= DATA EXTRACT =
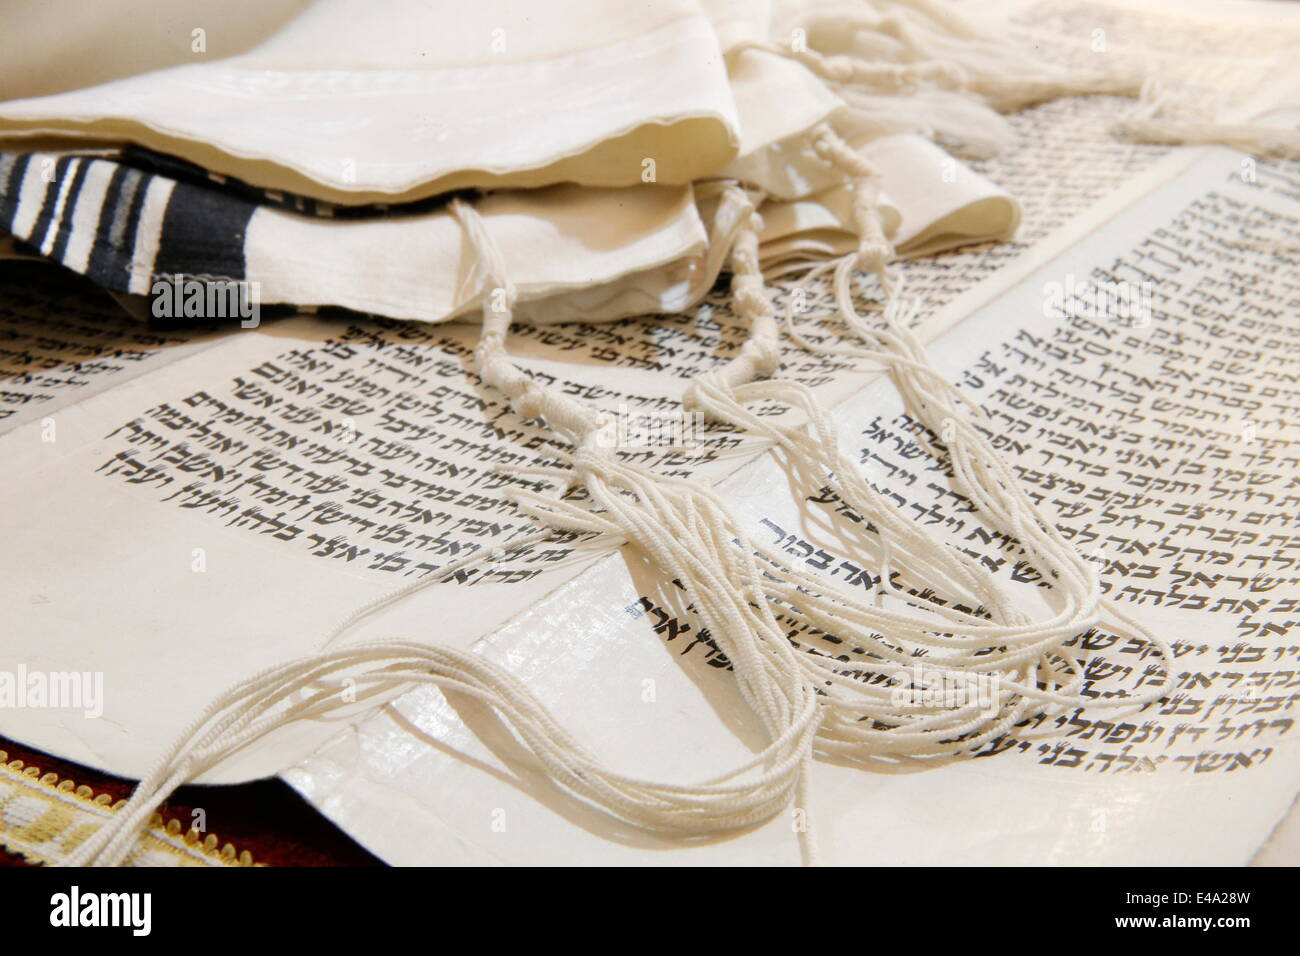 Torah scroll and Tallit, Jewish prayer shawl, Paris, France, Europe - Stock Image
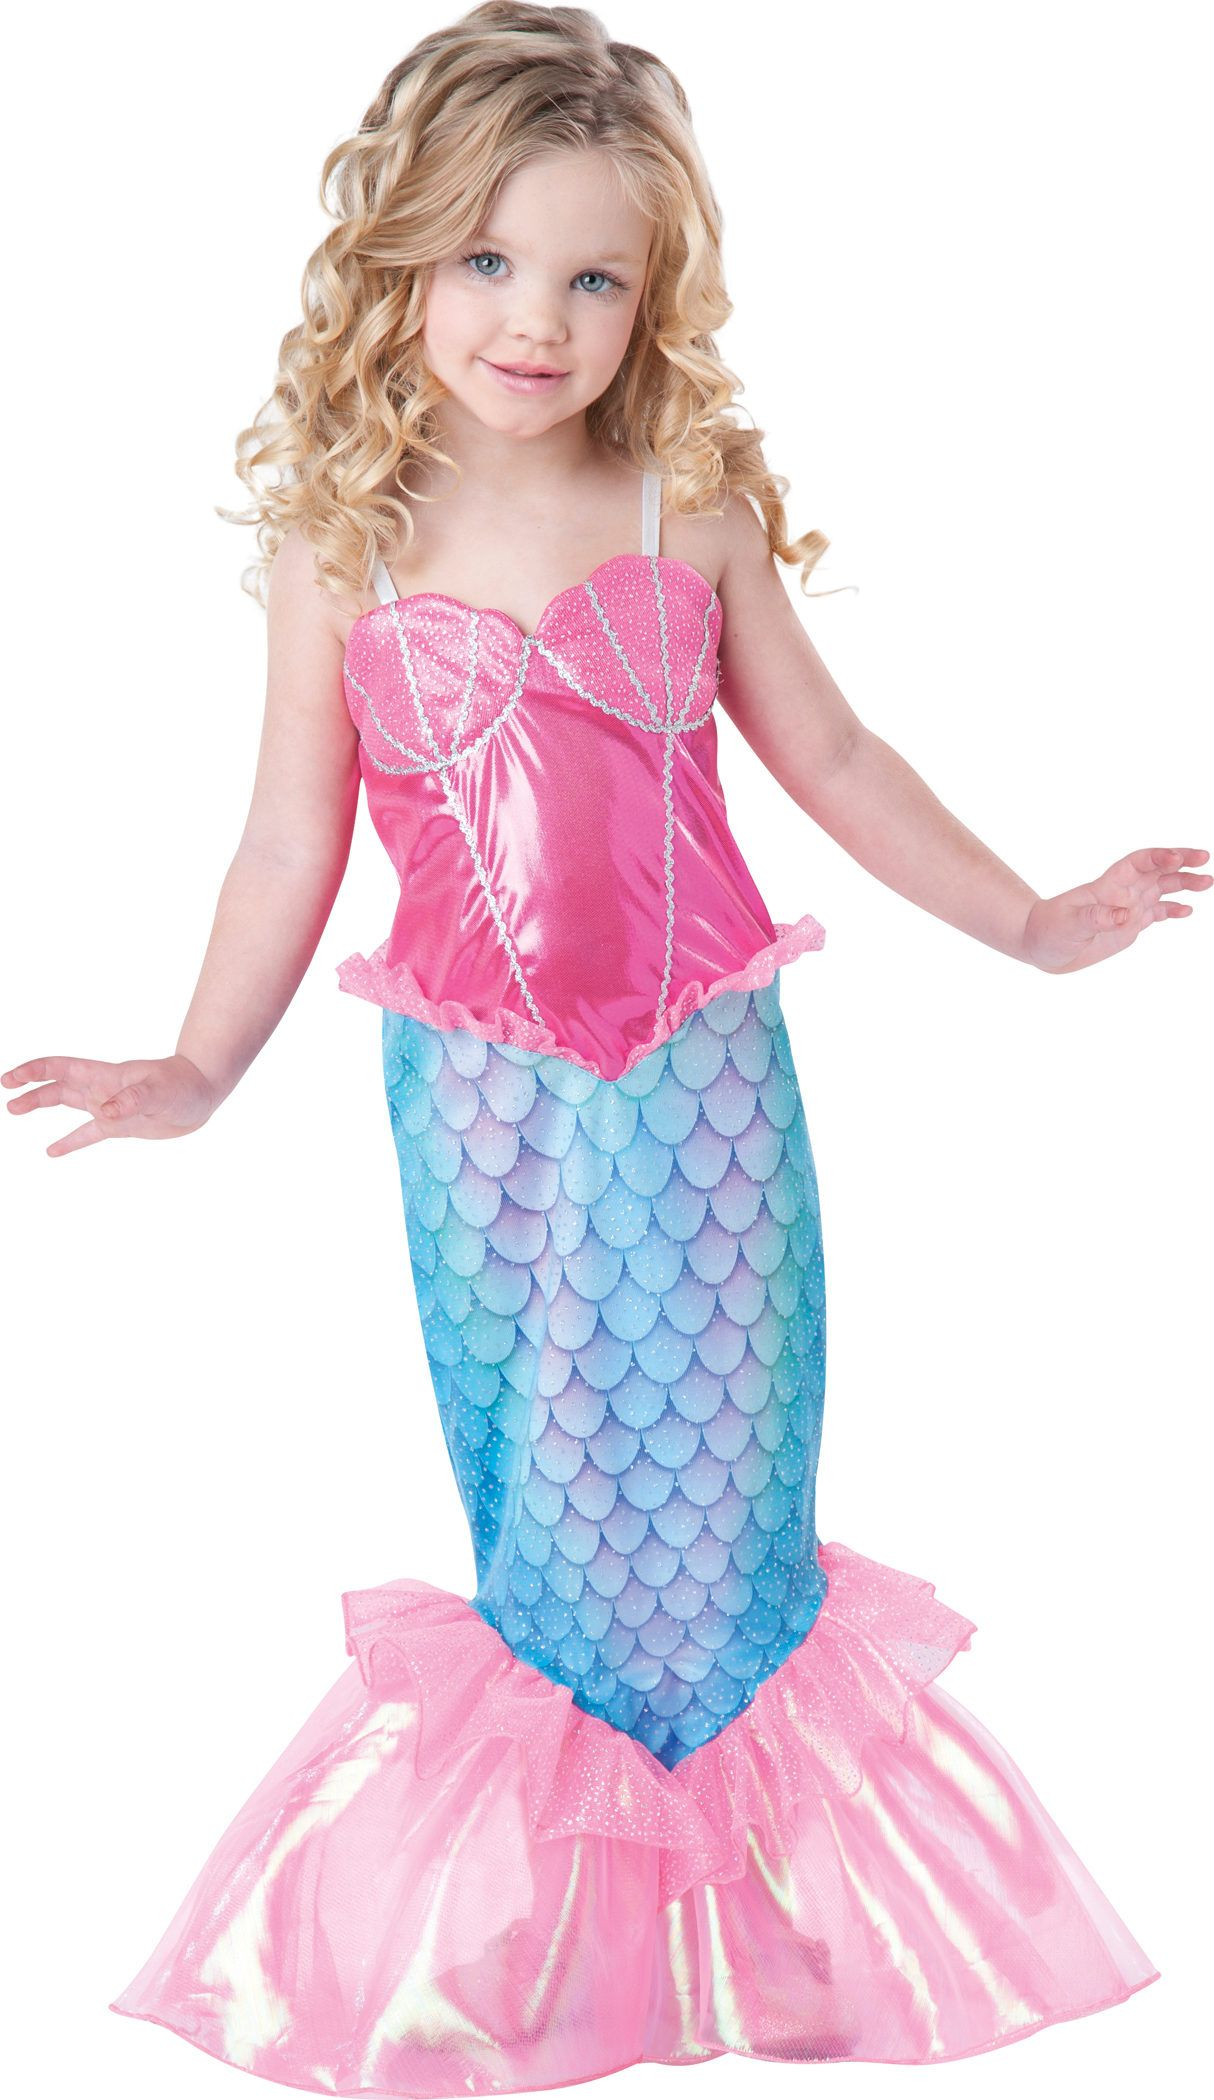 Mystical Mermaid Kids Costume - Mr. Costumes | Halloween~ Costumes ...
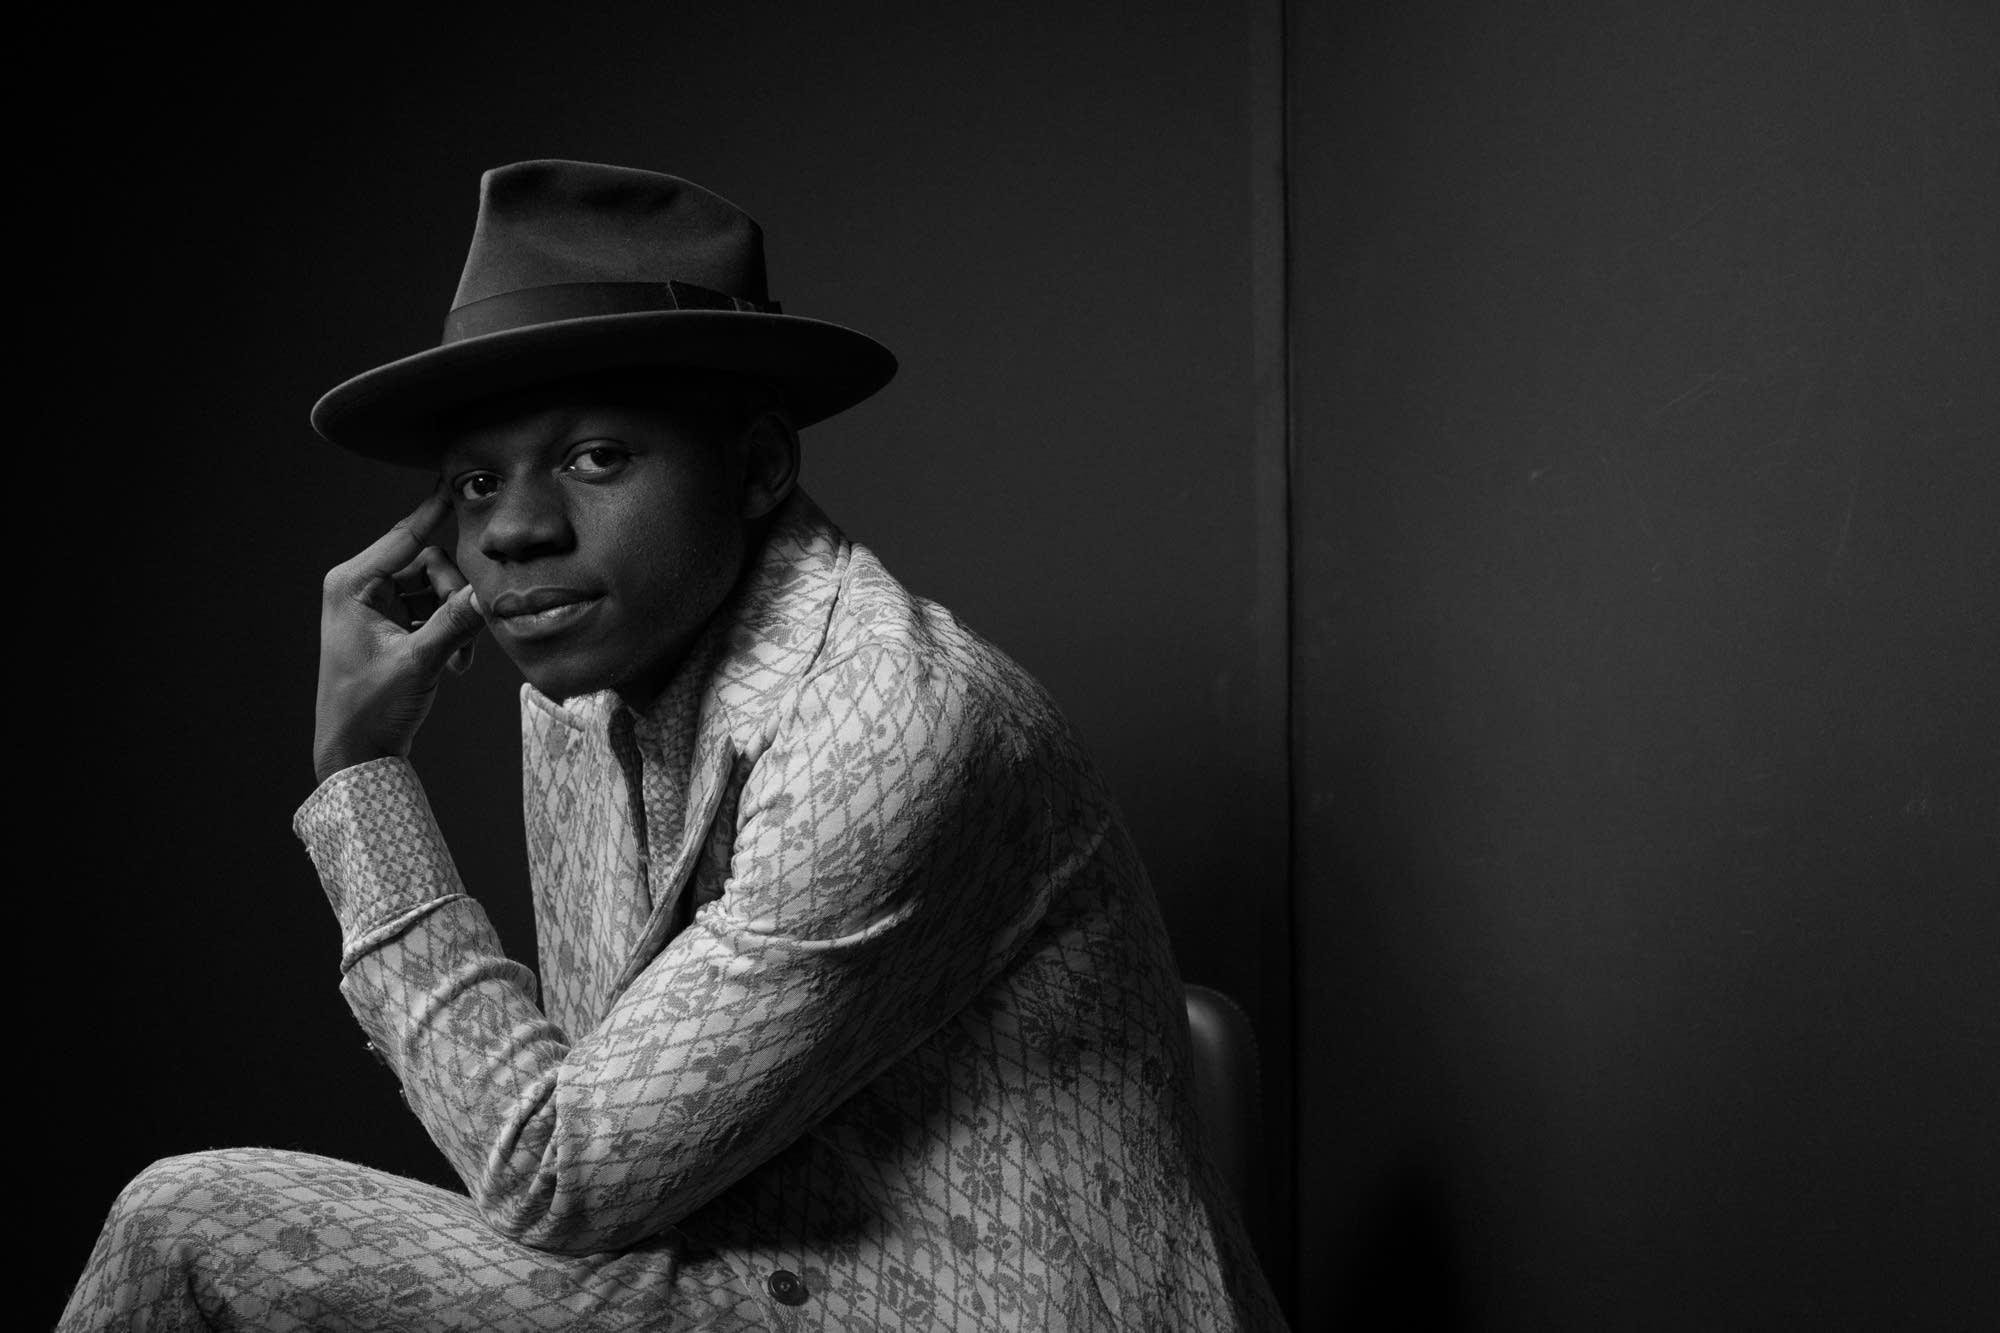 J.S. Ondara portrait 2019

= WHAT YOU SHOULD DO =
No image belongs in the copy. Transcribe the full listing verbatim.

= FINISHED TASK =
 Torah scroll and Tallit, Jewish prayer shawl, Paris, France, Europe - Stock Image
 Mystical Mermaid Kids Costume - Mr. Costumes | Halloween~ Costumes ...
 J.S. Ondara portrait 2019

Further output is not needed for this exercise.